Enkvist, I. (2011). La buena y la mala educación. Ejemplos internacionales. Madrid: Encuentro.  

martes, junio 18, 2013

Cuatro retos de la educación por venir

(Segunda de dos partes)
3. Darse cuenta de que el momento es ahora
En su libro Los próximos treinta años, Álvaro González-Alorda escribe:
Somos los que nacimos en las décadas de 1970 y 1980 tal vez la última generación que utilizó máquinas de escribir y que ahora desliza los dedos en el iPhone a quienes nos toca diseñar la colección de transformaciones sociales, culturales, económicas, políticas y empresariales que los cambios tecnológicos están acelerando. (…) Nuestra generación los que tenemos en torno a 30 años  es una generación “puente”; ni somos “nativos digitales” (Google no existía cuando empezamos a ir al colegio), ni el arrollador volumen de cambios que la historia de la humanidad nos ha preparado nos pilla de retirada.
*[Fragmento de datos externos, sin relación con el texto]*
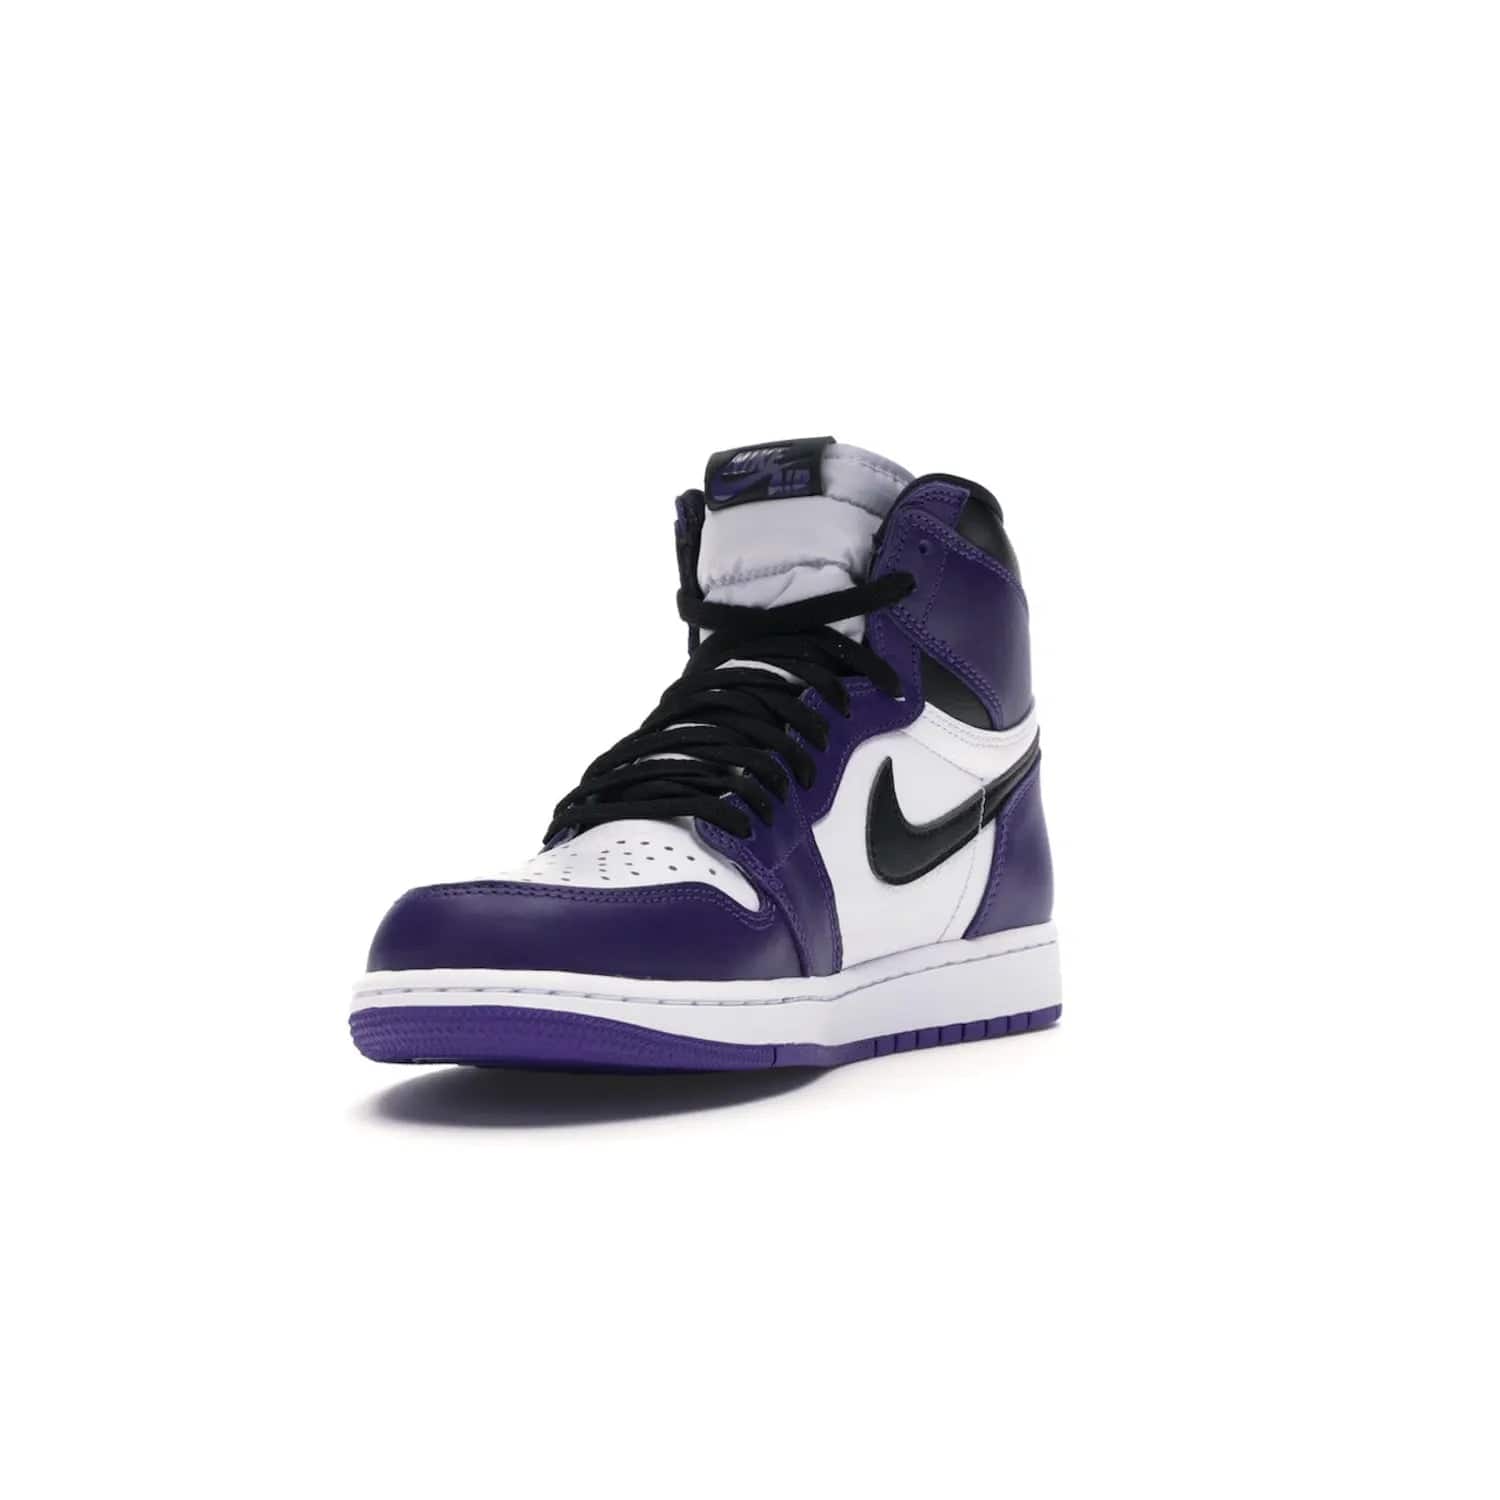 Jordan 1 Retro High Court Purple White - Image 13 - Only at www.BallersClubKickz.com - Grab the classic Jordan 1 Retro High Court Purple White and add major flavor to your collection. White leather upper with Court Purple overlays and Swoosh logo. White midsole and purple outsole. Get yours and rep your Jordan Brand.

De hecho, nos toca liderarlos durante los treinta años de vida profesional que tenemos por delante, aproximadamente.   (González-Alorda, 12-13)
Ya en algunas ocasiones he comentado con amigos de mi edad el privilegio que nos ha tocado en turno al ser integrantes de una generación “bisagra” (que González-Alorda llama “puente”), es decir, de transición entre quienes en nuestra infancia buscamos información en la Enciclopedia Británica y quienes ahora acuden a Wikipedia. Nuestros líderes, que pertenecen a la generación de nuestros padres, aún batallan con el uso de las nuevas tecnologías y en algunos casos asumen que dar ese paso “no es necesario”.
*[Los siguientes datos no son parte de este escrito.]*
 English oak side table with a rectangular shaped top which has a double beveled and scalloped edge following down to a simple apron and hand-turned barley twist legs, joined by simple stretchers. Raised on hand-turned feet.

En este contexto resulta fundamental aprovechar el tiempo y planear esa transición de manera estratégica: de que hagamos bien esta parte de la tarea resultará el éxito o fracaso de nuestro modelo educativo en las próximas décadas.  
4. Poner al profesor en el centro del cambio
http://es.paperblog.com/educacion-en-finlandia-1791488/
Resulta un lugar común decir que el profesor es pieza fundamental del sistema educativo en cualquier parte del mundo. Pero en el caso latinoamericano, y específicamente en el mexicano, la cuestión es más espinosa.
Hace unos días se publicó una nota en BBC Mundo explorando las razones por las que Finlandia encabeza la lista de países mejor educados en el planeta. Lo que más me llama la atención es la importancia que se le da a la calidad de los profesores. Y no me estoy refiriendo a la calidad de lo que el profesor sabe sobre la materia que imparte (no basta que sea especialista en su área) sino a la calidad con la que enseña aquello que sabe. Para muestra un botón: en Finlandia ningún profesor tiene acceso a grupo (de cualquier nivel educativo) sin antes haber cursado una maestría en educación que, dependiendo el grado de especialidad, puede durar entre dos y cinco años. Aún más: la carrera docente es tan demandada que sólo el mejor 10% de los graduados de alguna carrera profesional es elegible para estudiar esta maestría, totalmente financiada por el Estado.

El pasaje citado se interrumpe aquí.